[英]How to differentiate between constructors
I have two constructors in a class template, one with array, one with vector as parameter.我在 class 模板中有两个构造函数,一个带有数组,一个带有向量作为参数。
I have pointer members which point to the given parameters.我有指向给定参数的指针成员。
I have to overload operator[] and write size() method (only one of each) that work with both but I don't know how to differentiate between the given types.我必须重载 operator[] 并编写 size() 方法(每个方法只有一个),但我不知道如何区分给定的类型。
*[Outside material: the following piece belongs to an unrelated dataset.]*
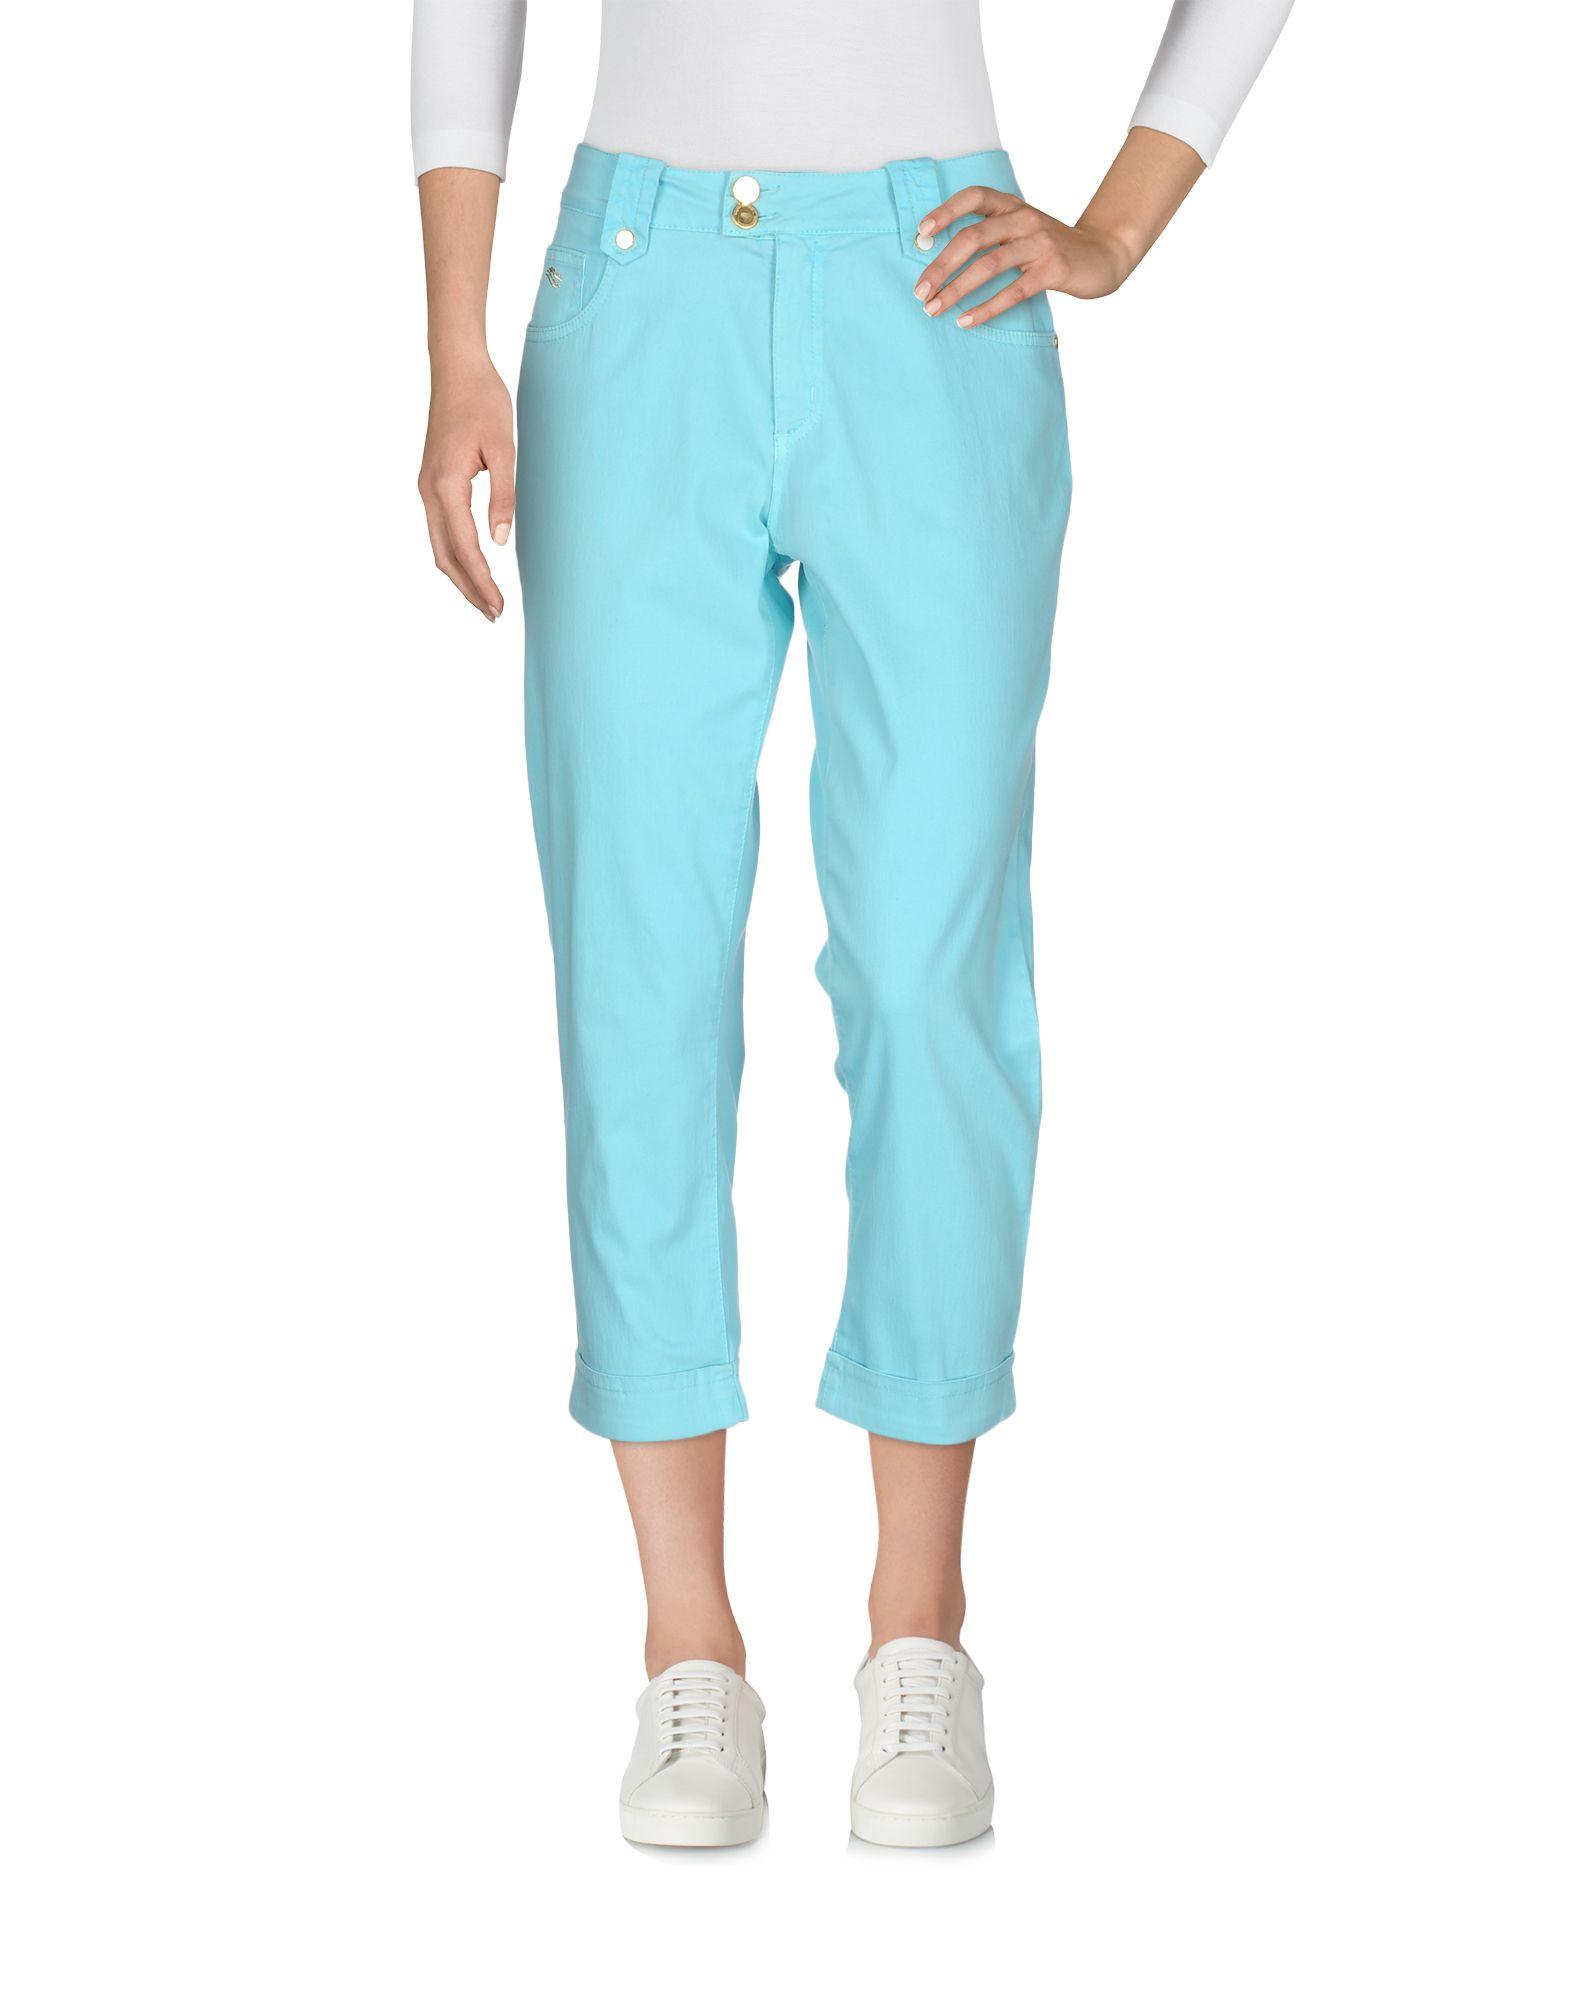 ANGELO MARANI BEACHWEAR Пляжные брюки и шорты maharishi пляжные брюки и шорты

How can I tell which constructor was called?如何判断调用了哪个构造函数?
Thanks in advance.提前致谢。
template<typename T, typename F>
class view {
const T* arrayT;
const std::vector<T>* vectT;
size_t* sizeArray;
F functor{};
view(const T array[], rsize_t sze) {
arrayT = array;
sizeArray = &sze;
}
view(const std::vector<T> vect) {
vectT = &vect;
}
int size() const{
if( ?????){
return sizeArray;
} else {
return vecT-> size();
}
}
T view<T, F>::operator[](int index) const {
if(????) {
functor(arrayT[index]);
} else {
return functor(vectT->at(index));
}
}
if you are doing c++17, I would advise you to have a look at constexpr if https://en.cppreference.com/w/cpp/language/if#Constexpr_If如果你正在做 c++17,我建议你看看constexpr if https://en.cppreference.com/w/cpp/language/if#Constexpr_If
It is a new language feature that kinds of lets you perform if at compile time.这是一种新的语言功能,可以让您在编译时执行。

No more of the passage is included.